The next day, we were invited to make a pilgrimage to a site in nature that had apparently appeared to the shaman in a dream. We met the pretty white people in the rickety bus at the trailhead and followed the shaman’s lead. Every few hundred feet, he stopped and everyone was supposed to spin in circles. I imagined that if anyone else was watching up play follow the leader, we must have looked hilarious.

Things took a rocky turn when he started leading us through a patch of thick poison oak. There was no trail through the poison oak, only twisted thickets of poison. Yet he plunged through anyway and the pretty people followed. I did too, realizing that my white clothes were about to be torn to shreds. When we got where his inner GPS was apparently leading us, everyone dropped into a circle around the leader. The women began weaving. The men were holding these vessels and spinning a stick in them.

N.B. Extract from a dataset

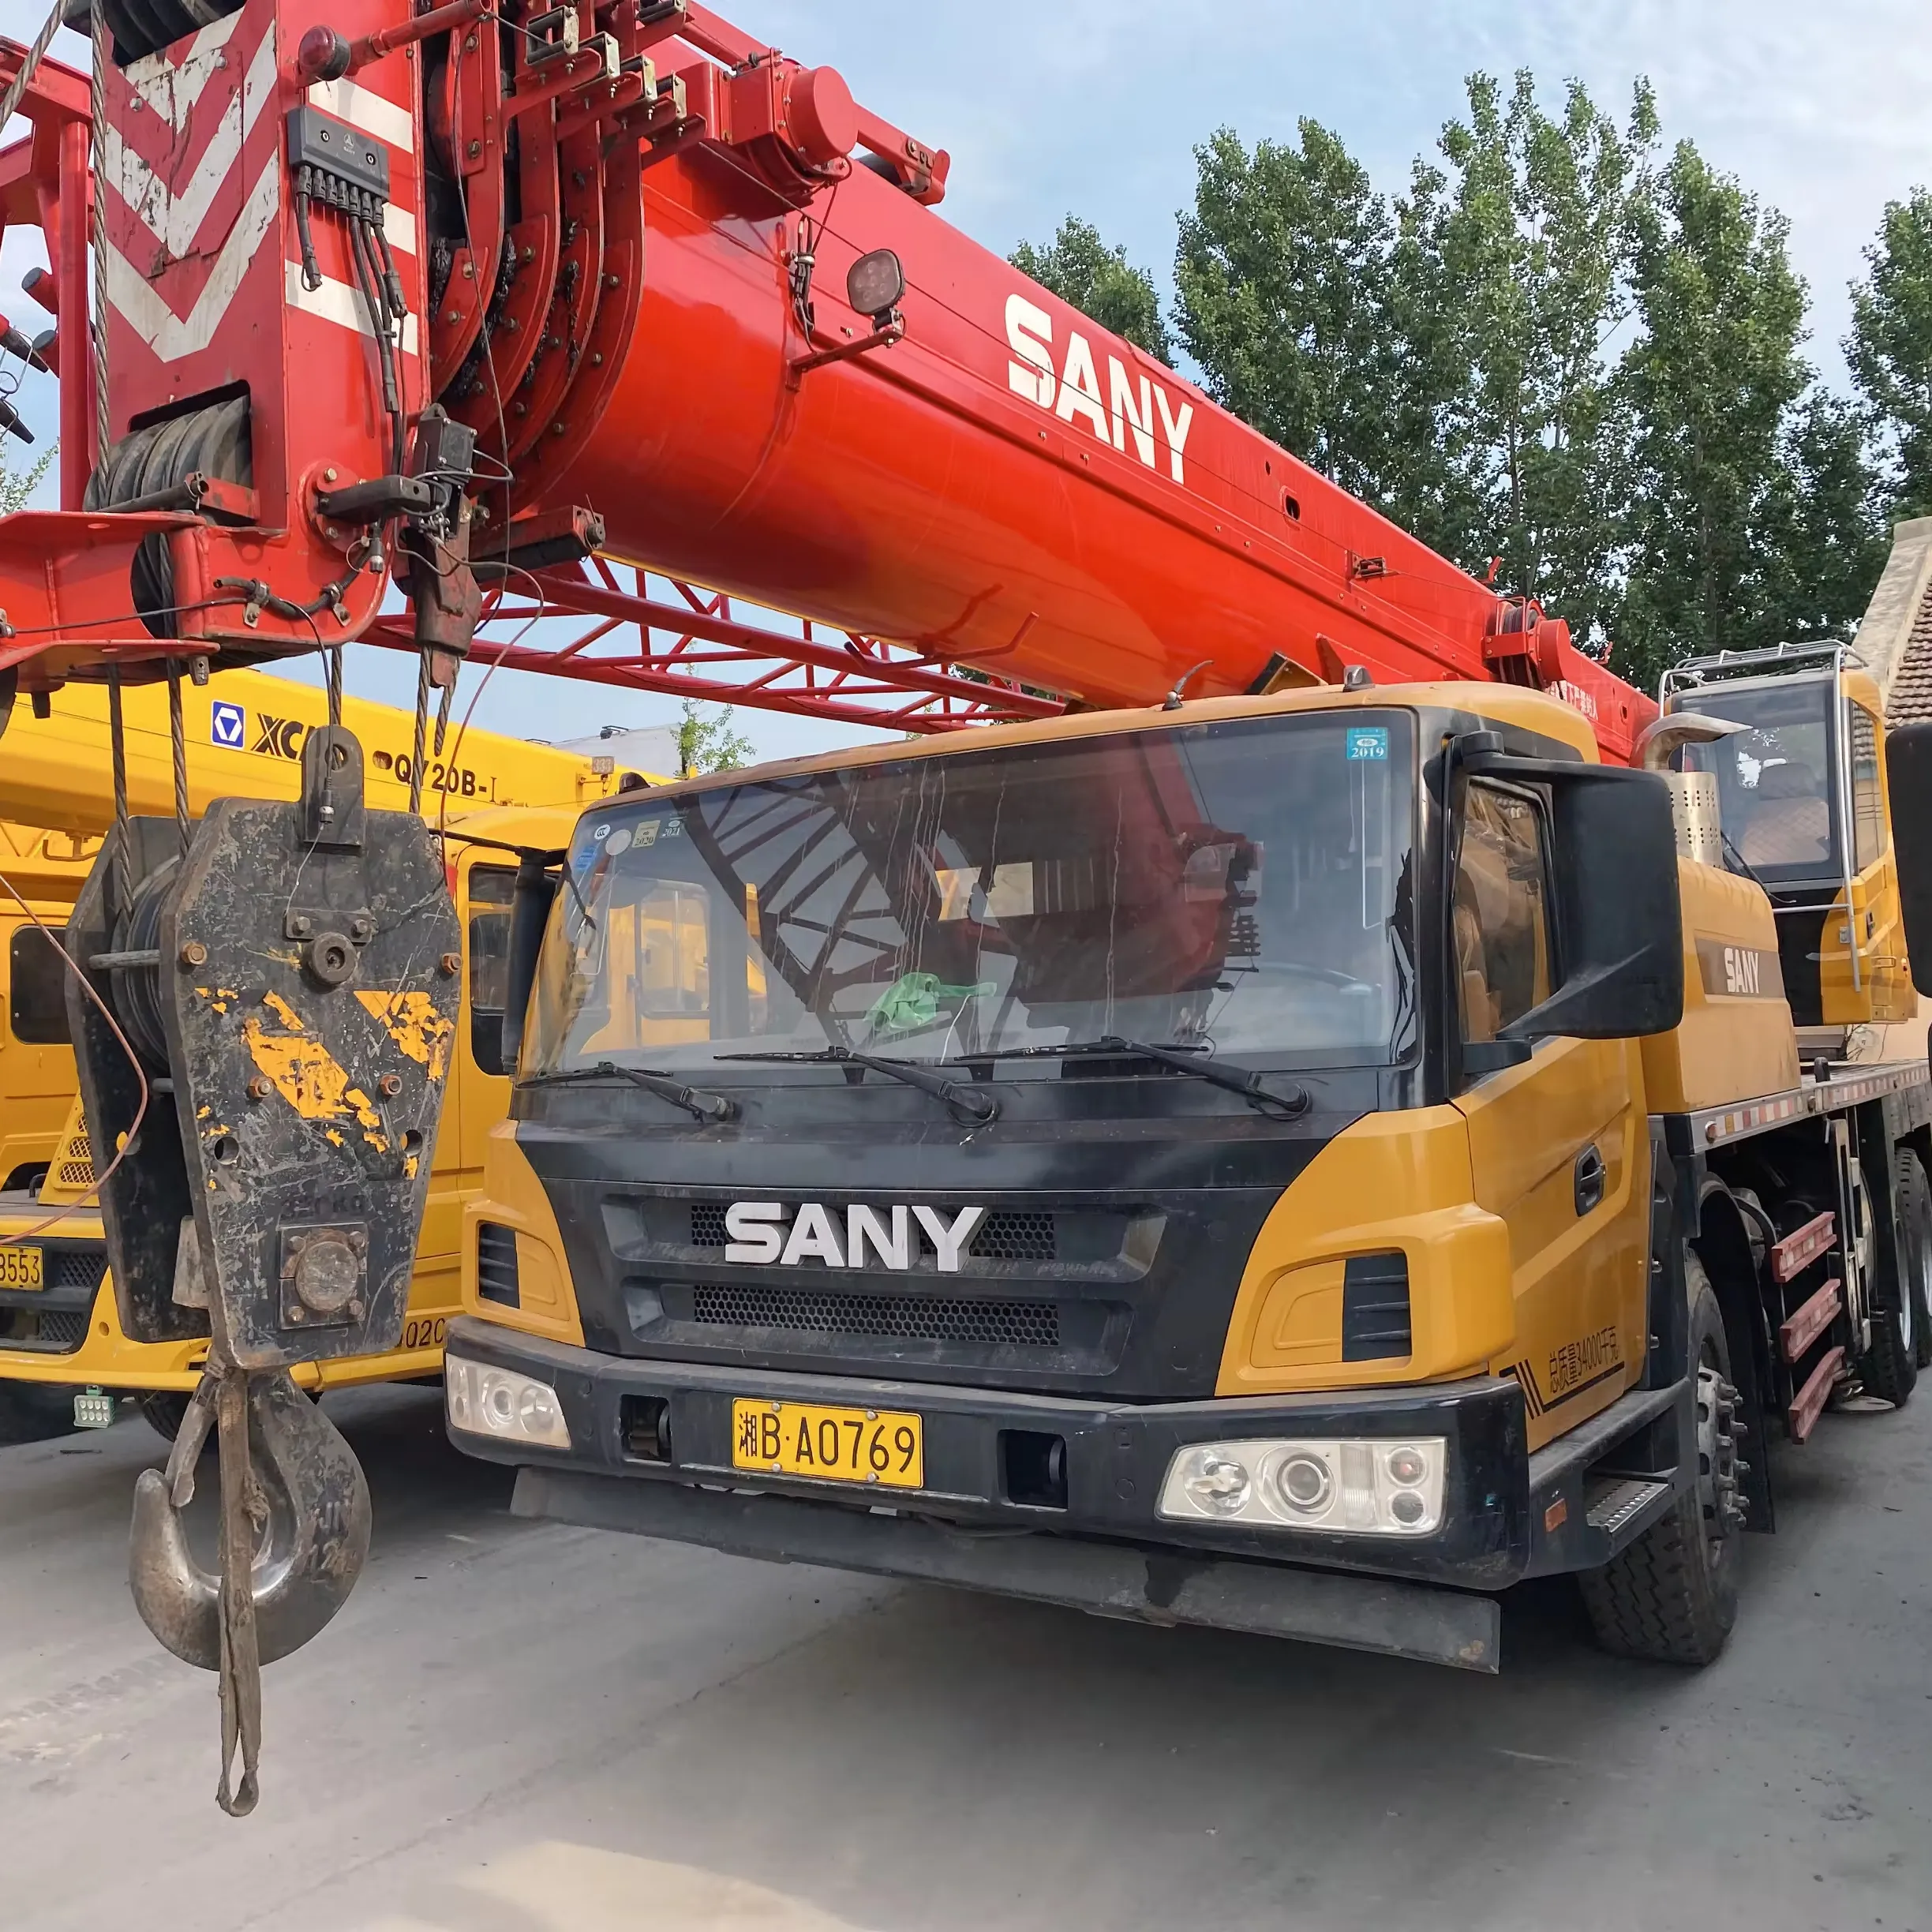 رافعة Sany لرفع السيارات هيدروليكية صغيرة مستعملة STC250 بحمولة 25 طنًا للشاحنات في حالةها الأصلية رافعة شاحنات مستعملة للبيع

The next day, my housemate, who had joined us, was swollen shut from poison oak. I seem to have some sort of poison oak immunity, so I was fine, but my poor housemate could barely open her eyes and her legs were wet with weeping hives. Apparently, the shaman’s children were also swollen shut. His response? That the people who were suffering were bearing the burdens of the hundreds of Native Americans who had been massacred at that site where his inner GPS had led us. The swollen, itchy, nearly anaphylactic people were expiating the karma of the ones who committed the massacre.

You’d think by this point, some of the pretty white people would have woken up and gotten a little common sense, but it was obvious they were entranced, hook line sinker. I was love bombed, targeted as someone “special,” made to feel chosen, singled out. But I’ve studied cults and been hurt by cult leaders, so by this point in my Sacred Medicine journey, I had learned the hard lesson of discernment and could spot the recruitment right away. I had money, influence, power, a book I was writing, and an activist’s heart that cares about environmental issues, so I got the full court press, but I turned away from that scary scene, chose not to write about some useful things I learned from the shaman in my book, and chalked it up to a cautionary tale.

Many years prior to that, I had been invited by a famous man I admired to join a special group of select, by invitation only, mystics. We would all be gathering in an old mansion to work on honing our “siddhis,” the spiritual superpowers described by yogis. I was fascinated and curious. I felt flattered to have been invited. But it only took me about a month to realize how dangerous this crew of black magicians was. I bowed out and left unscathed, never looking back. I don’t know how the others fared.

Ten years of studying Sacred Medicine gave me a prime lesson in how to spot a narcissistic cult leader and the communities that are attracted to them. Sometimes cults are a cult of two, and sometimes they’re more obvious, like the shaman and the pretty white people or the mystic and the black magicians.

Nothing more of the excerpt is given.